The Importance of Serial Time Point Quantitative Assessment of Cardiac Troponin I in the Diagnosis of Acute Myocardial Damage

Vidyut Jain, Arindam Bose, Girish Kawthekar, Chandrabala Chhabra, Nanda Hemvani, Dhananjay S. Chitnis

Keywords : Acute coronary syndrome, acute myocardial infarction, cardiac troponin I, non-ST-elevated MI, unstable angina

Citation Information : Jain V, Bose A, Kawthekar G, Chhabra C, Hemvani N, Chitnis DS. The Importance of Serial Time Point Quantitative Assessment of Cardiac Troponin I in the Diagnosis of Acute Myocardial Damage. Indian J Crit Care Med 2018; 22 (9):629-631.
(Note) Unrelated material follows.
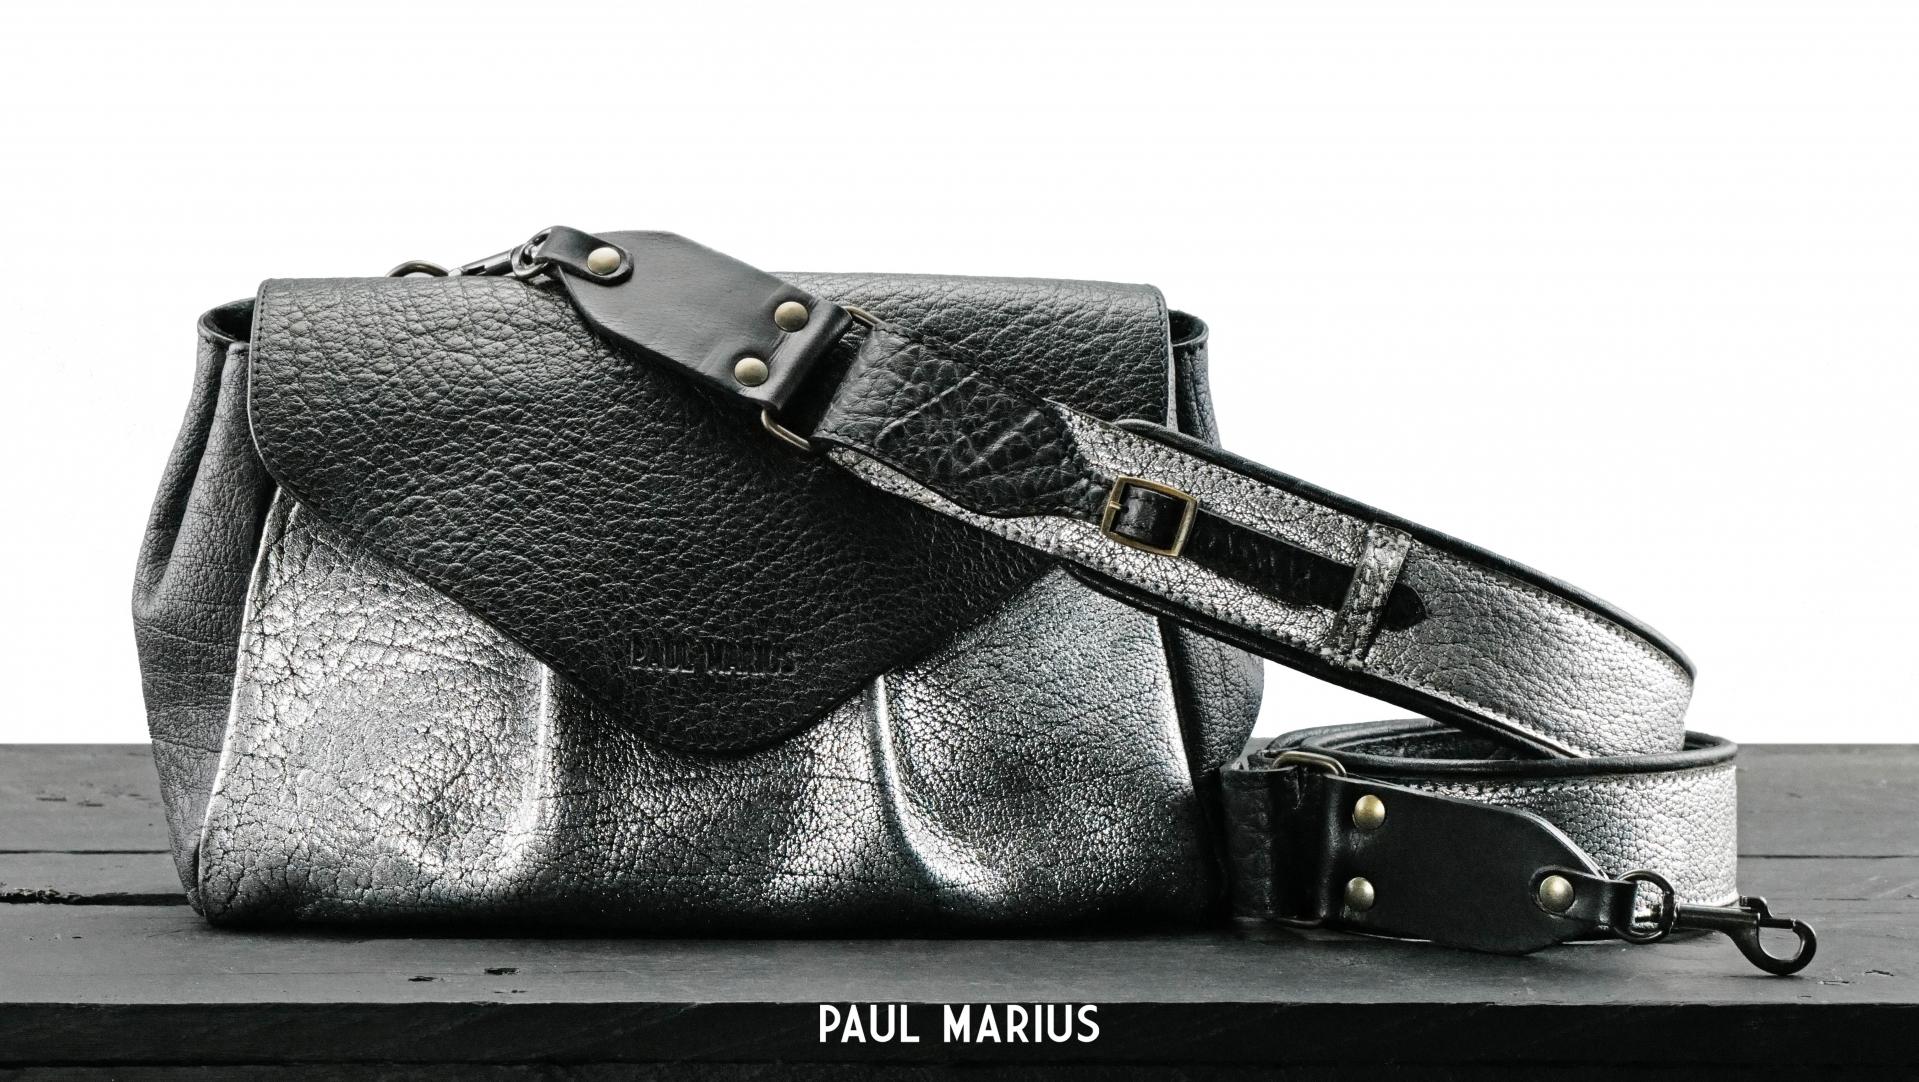 Suzon M - Sac à main cuir femme - Paul Marius

DOI: 10.4103/ijccm.IJCCM_8_16

License: CC BY-ND 3.0

Published Online: 01-04-2015

Copyright Statement:  Copyright © 2018; The Author(s).


Abstract

Objective: The present study was aimed to establish a threshold value for cardiac troponin I (cTnI) for nonacute coronary syndrome (ACS) participants from the local population and also to determine the importance of serial time point estimation of cTnI in acute myocardial infarction (AMI), non-ST-elevated MI (NSTEMI), and unstable angina cases. Methods: The present study included 194 cases, admitted in ICCU with the complaint of anginal pain; 31 were diagnosed with AMI with typical electrocardiography (ECG) changes; whereas, 48 cases were diagnosed with NSTEMI. The latter group of cases was selected for the time point study of cTnI release at 0—4 h, 6—12 h, 72 h, and 144 h of admission. cTnI levels were assessed using the Abbott ARCHITECT i1000SR system. Results: ACS was clinically ruled out in 98 cases, and cTnI level for them was used to decide cTnI threshold for the non-ACS group. cTnI level was checked in 17 cases of unstable angina. The threshold value of cTnI for non-ACS participants was 0.1 ng/ml and can be considered as cut-off value for the regional population. The data suggested that the peak of cTnI levels in most of the AMI cases reached during 6—12 h. The cTnI levels were lower than 0.1 ng/ml, and no significant change in ECG was noticed in 17 cases of unstable angina. Conclusion: The present study suggested that the repeat of cTnI assay after 4—6 h of admission is required if the initial value is <3 ng/ml.